> [Task to carry out] Transcribe the data verbatim and drop its images.

> [Data below]

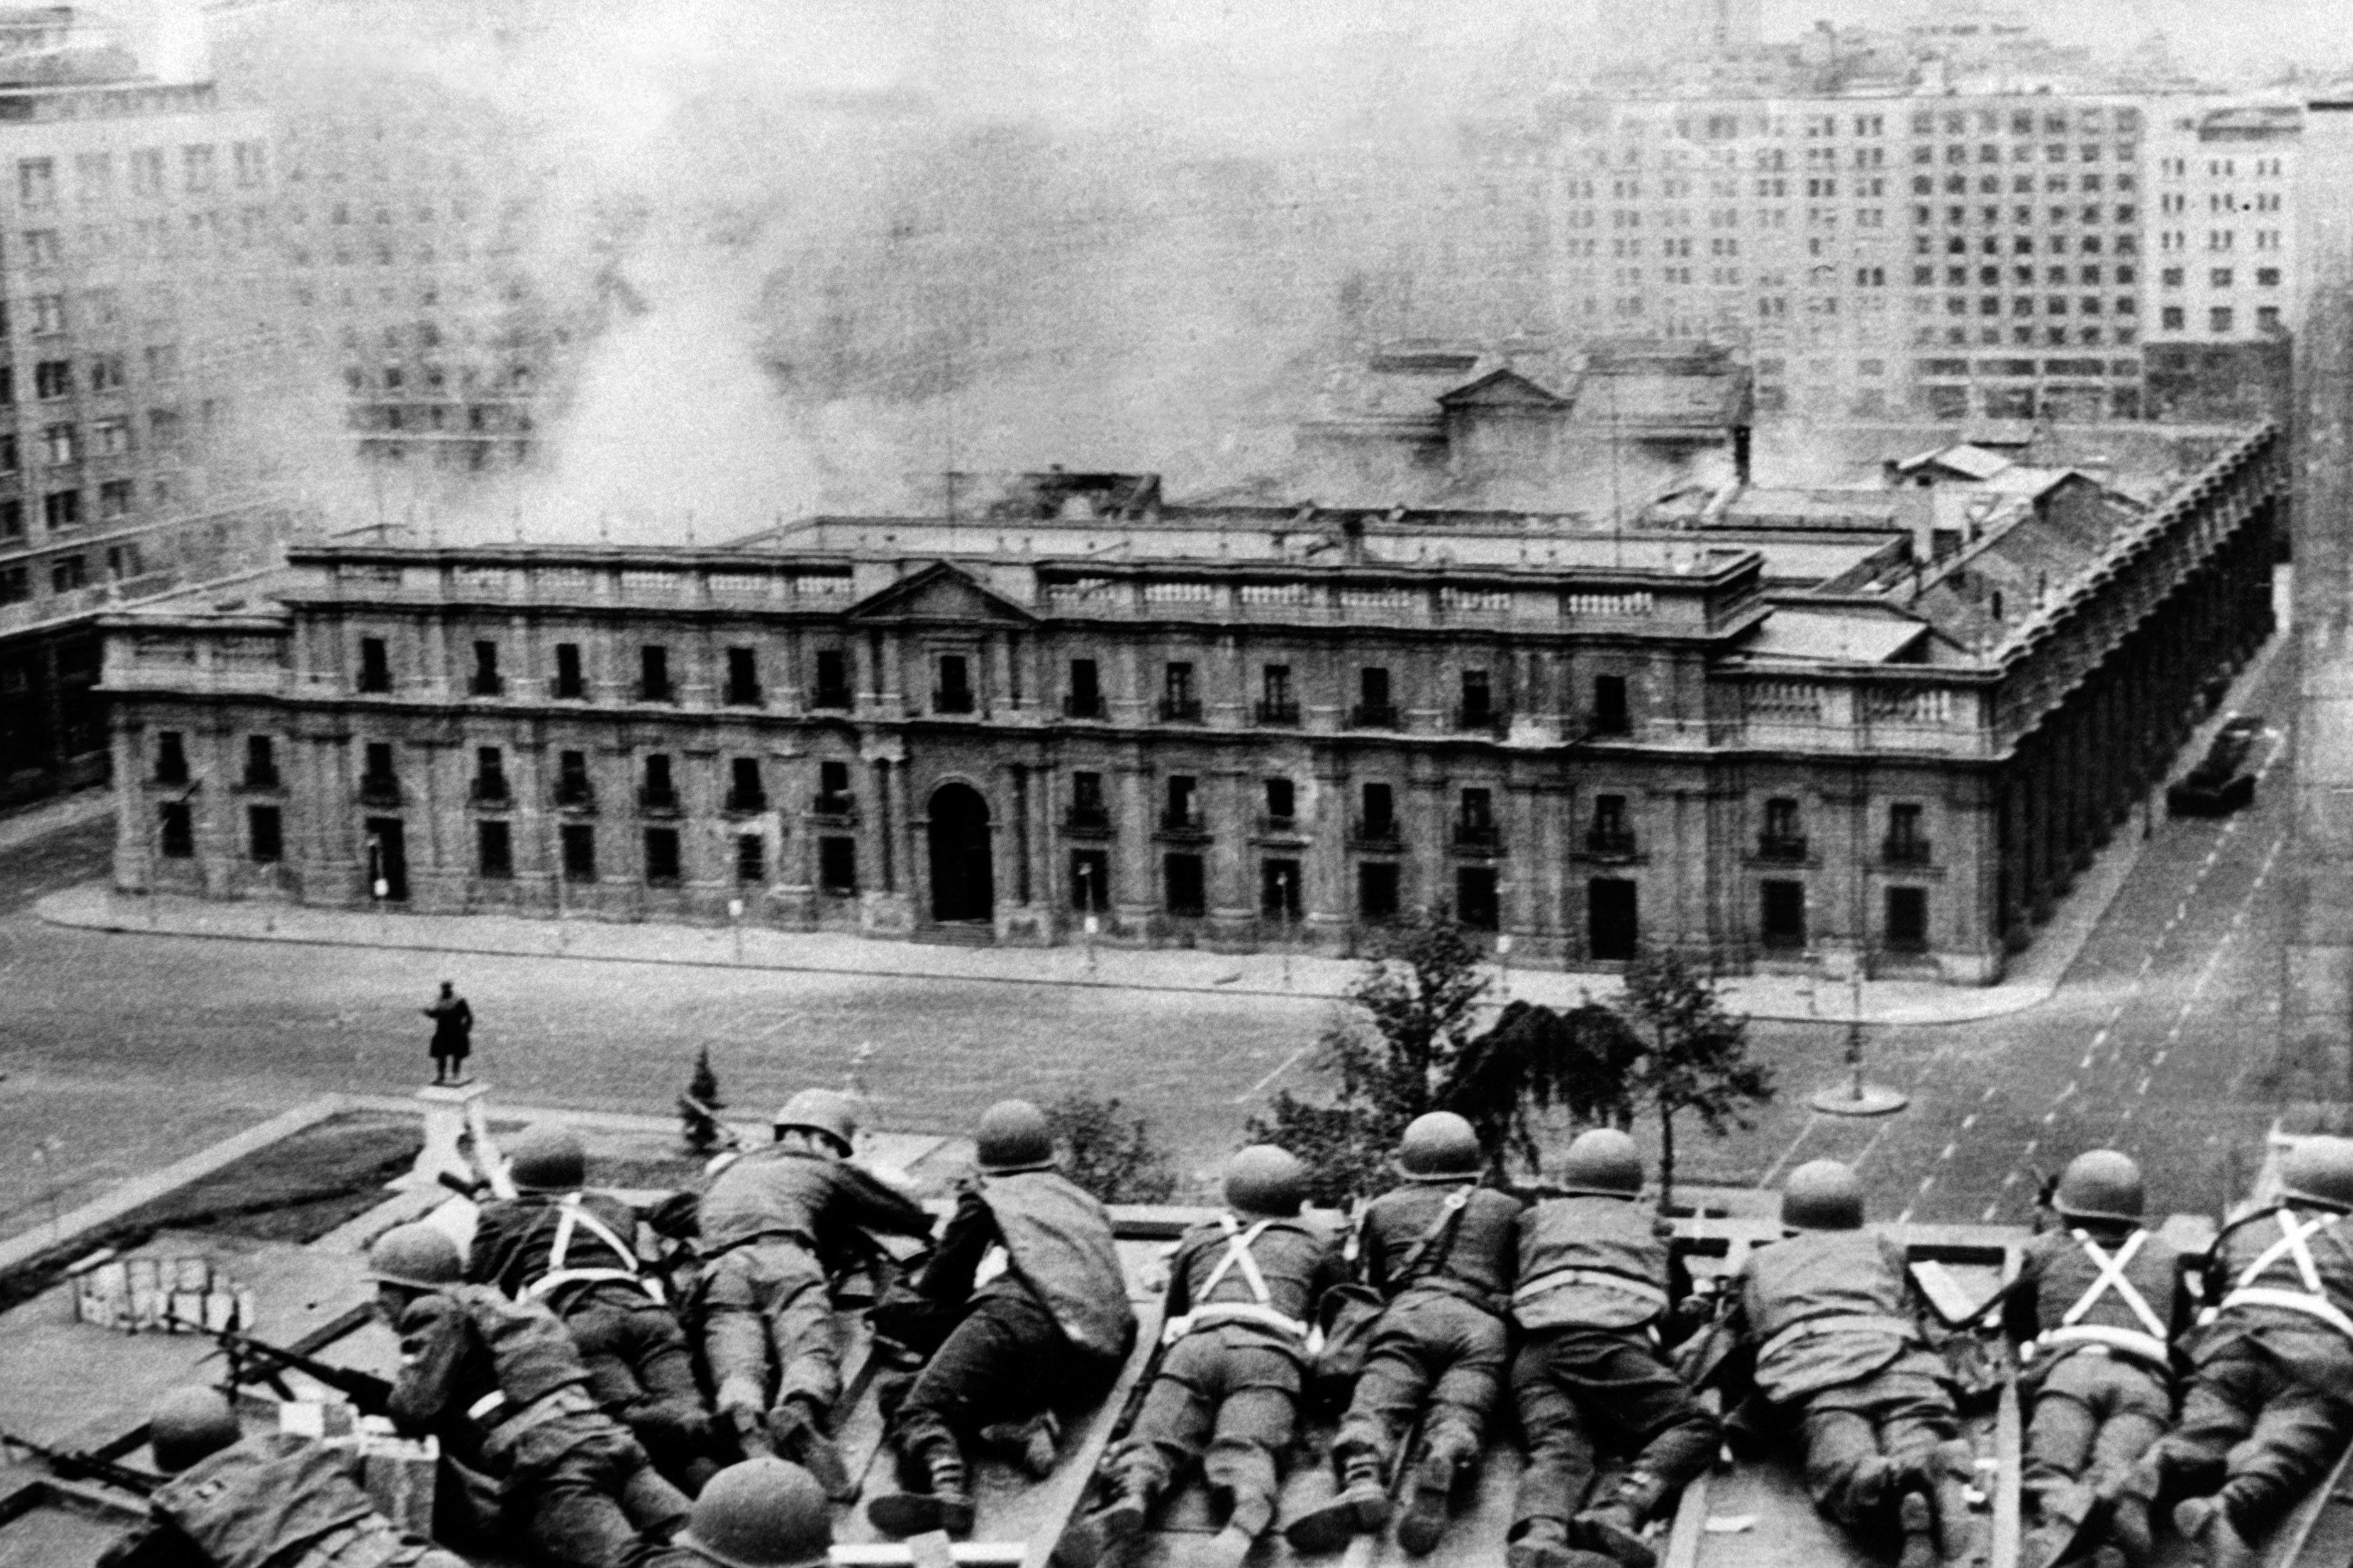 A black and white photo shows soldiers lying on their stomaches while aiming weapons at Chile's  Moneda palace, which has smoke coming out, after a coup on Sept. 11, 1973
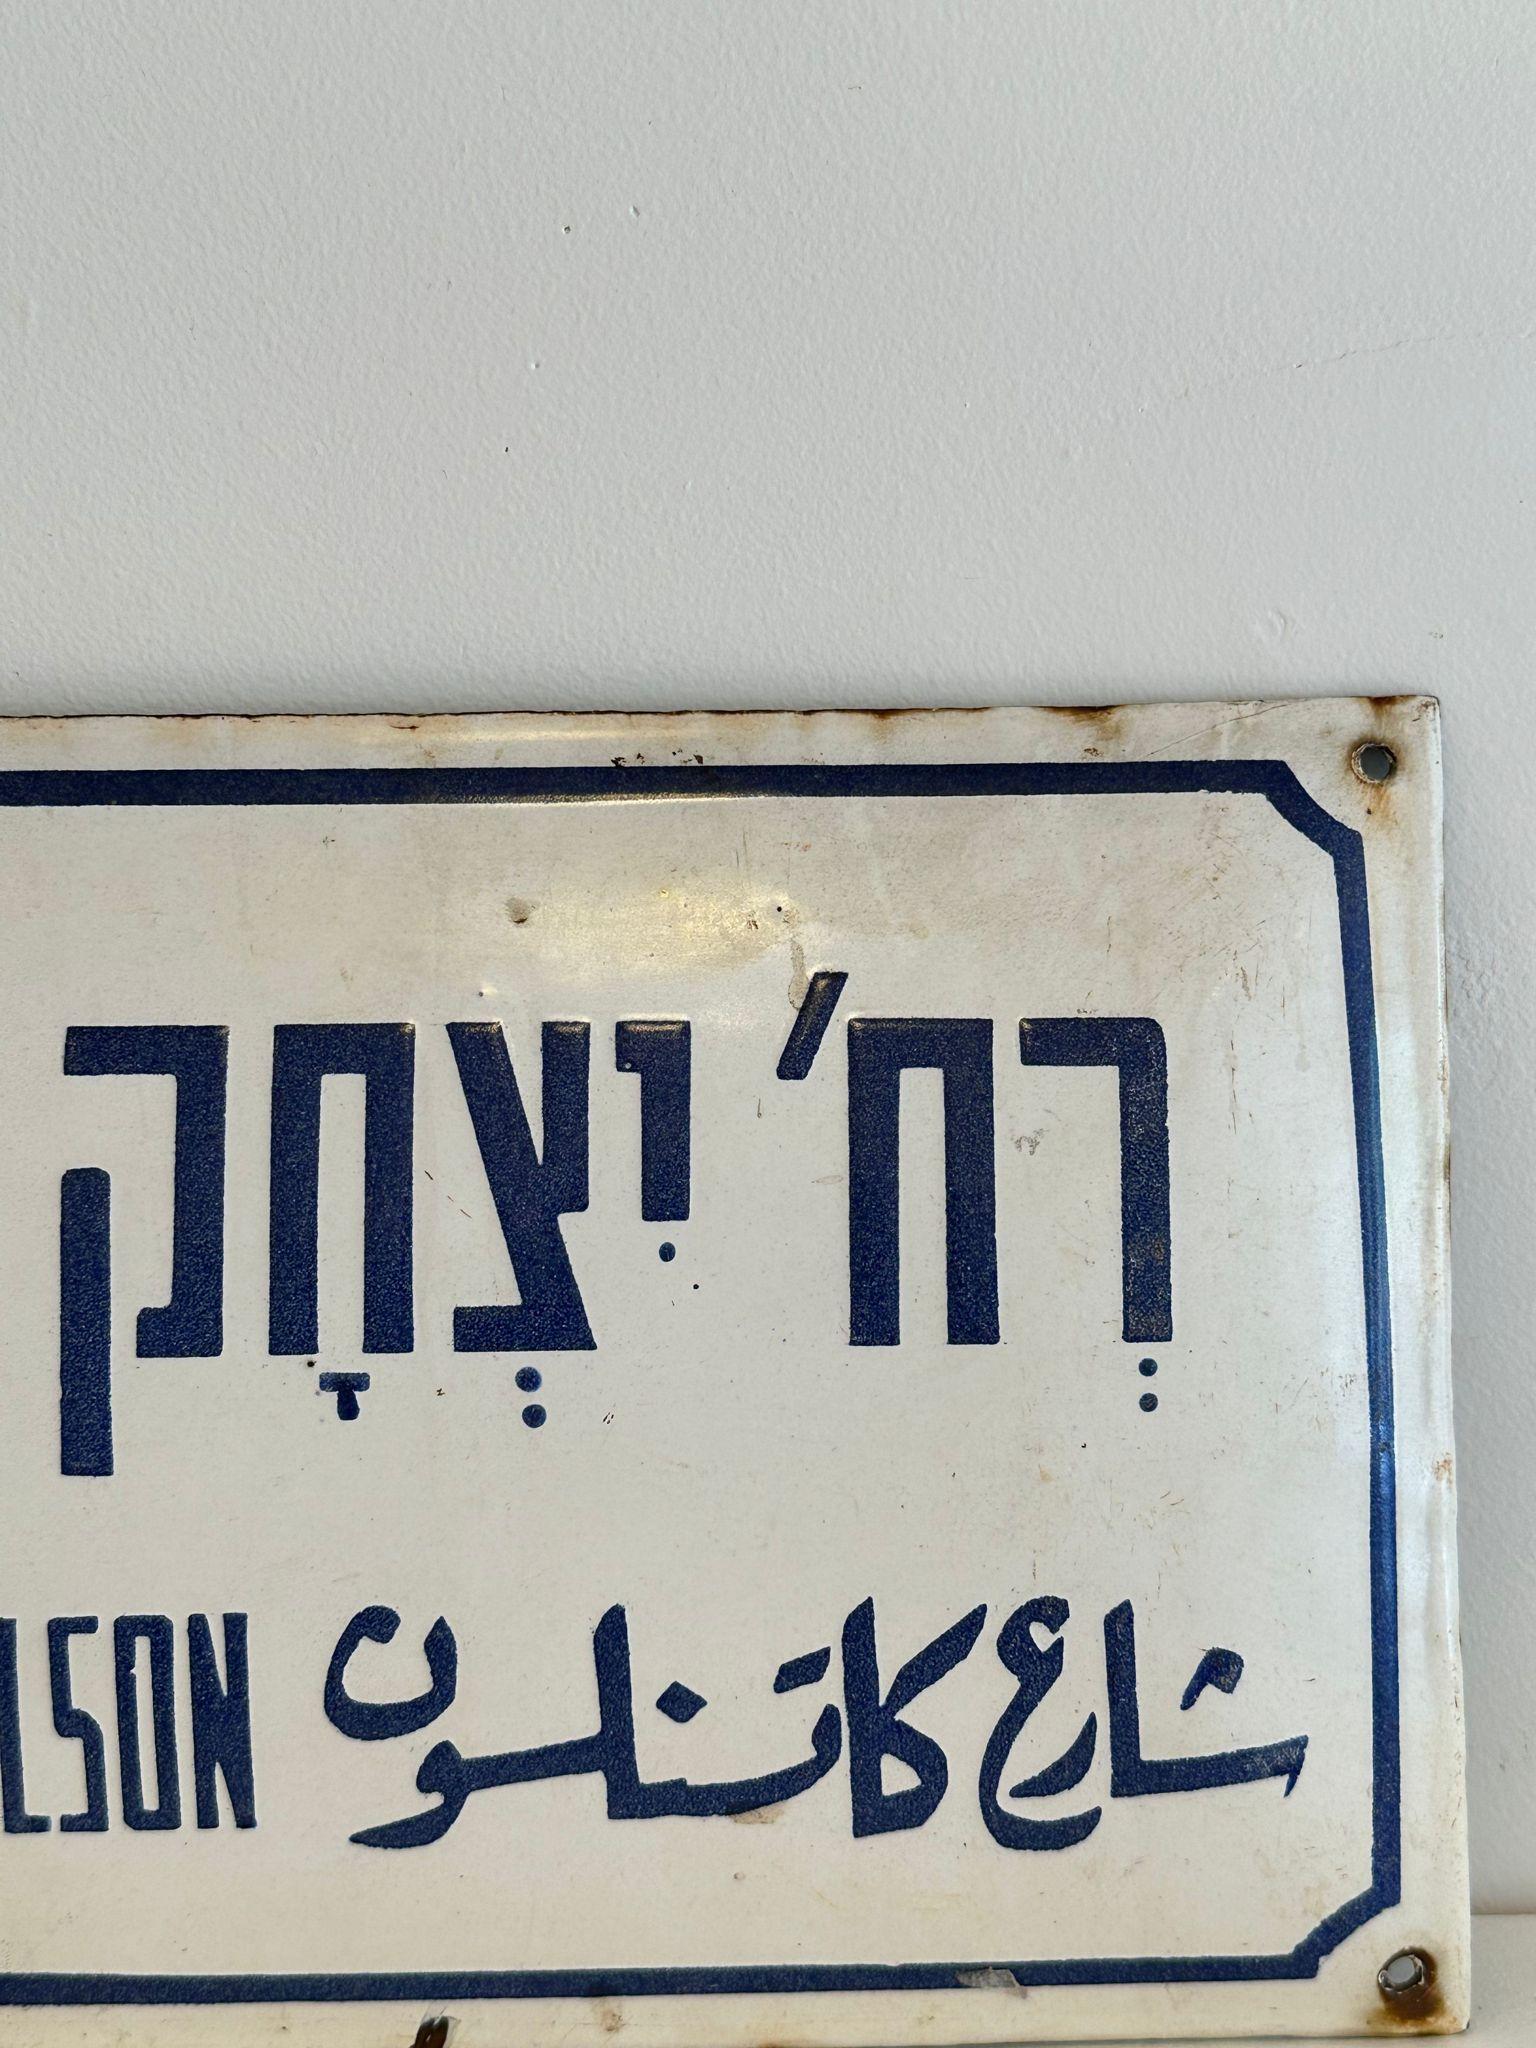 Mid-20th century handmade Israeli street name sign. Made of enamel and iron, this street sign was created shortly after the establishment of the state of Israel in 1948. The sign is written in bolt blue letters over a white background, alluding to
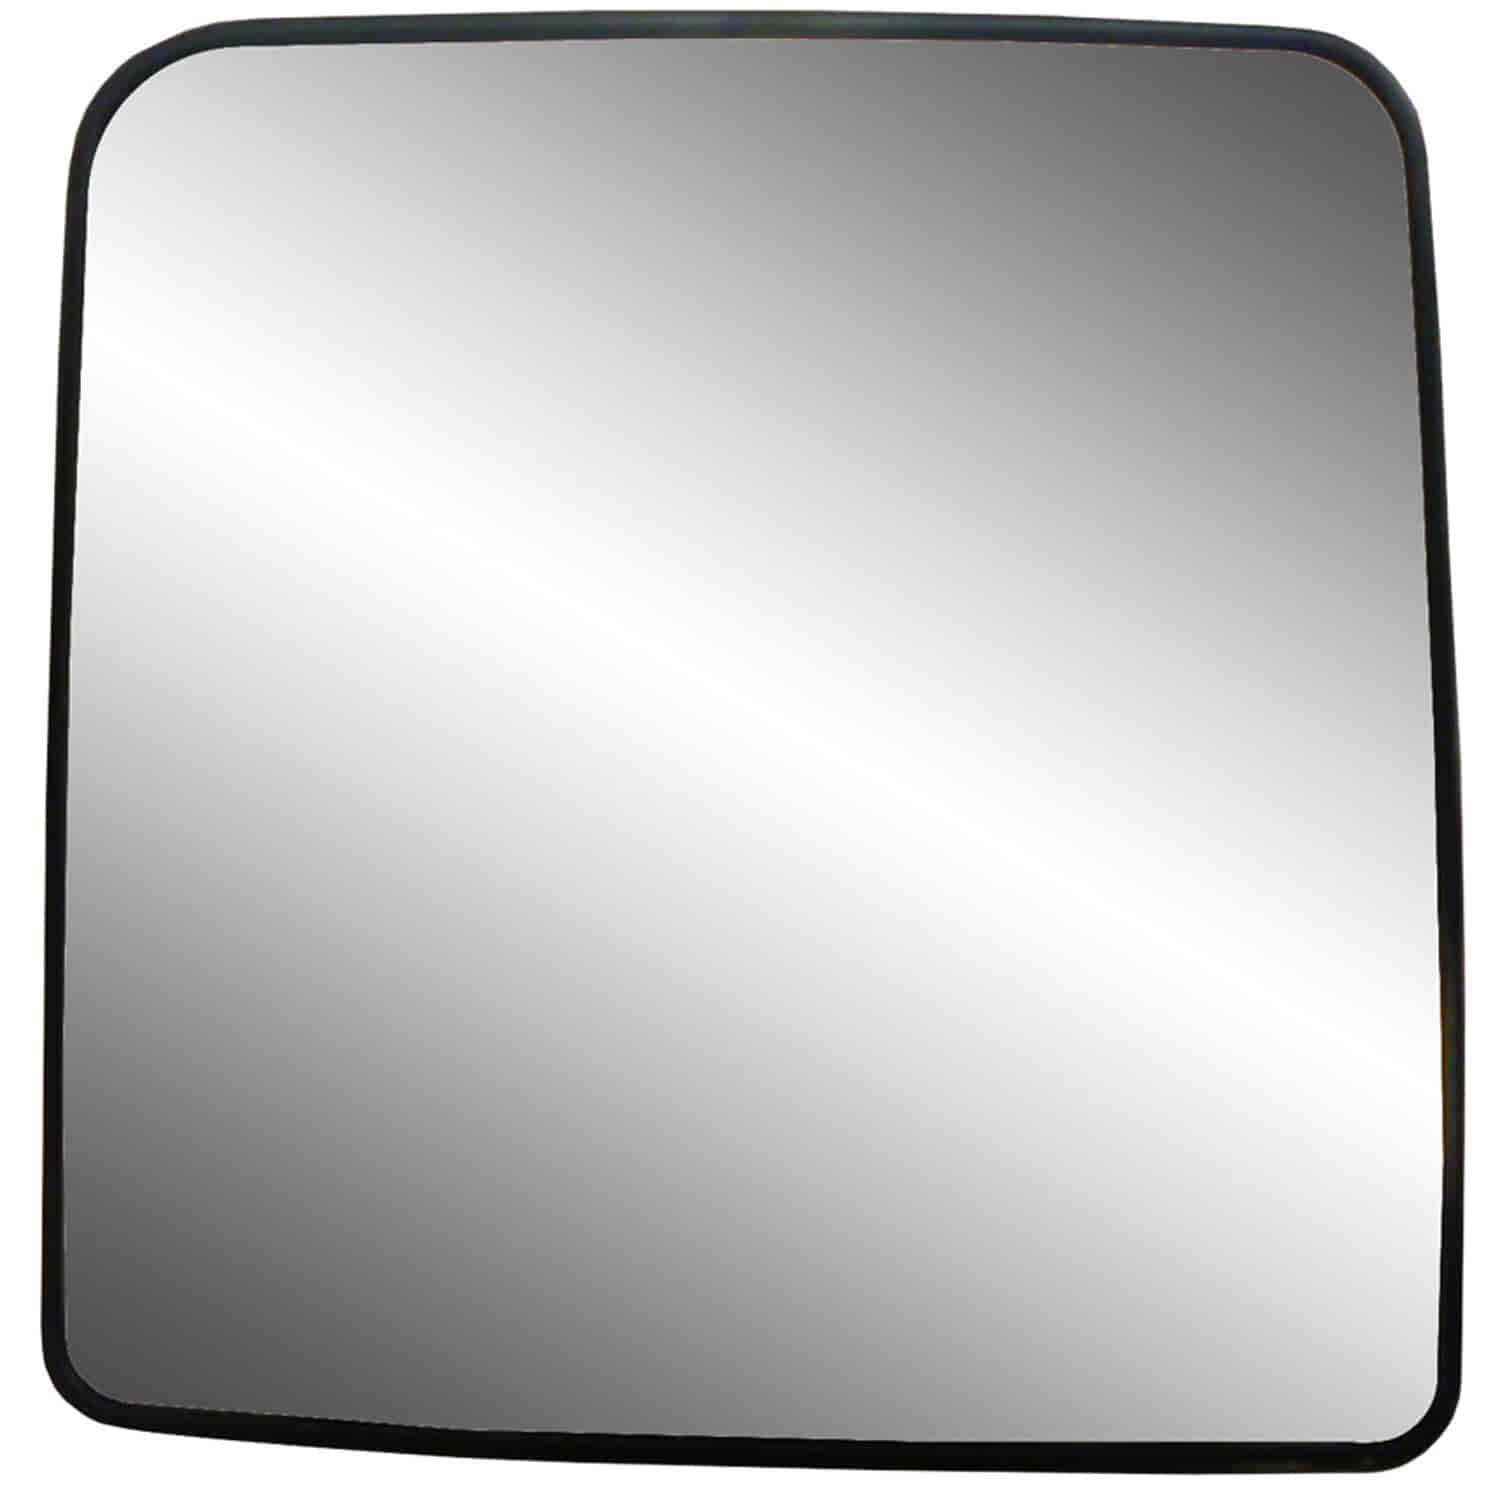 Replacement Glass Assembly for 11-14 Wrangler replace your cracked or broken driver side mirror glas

> [Task response]
 A black and white photo shows soldiers lying on their stomaches while aiming weapons at Chile's  Moneda palace, which has smoke coming out, after a coup on Sept. 11, 1973
 Mid-20th century handmade Israeli street name sign. Made of enamel and iron, this street sign was created shortly after the establishment of the state of Israel in 1948. The sign is written in bolt blue letters over a white background, alluding to
 Replacement Glass Assembly for 11-14 Wrangler replace your cracked or broken driver side mirror glas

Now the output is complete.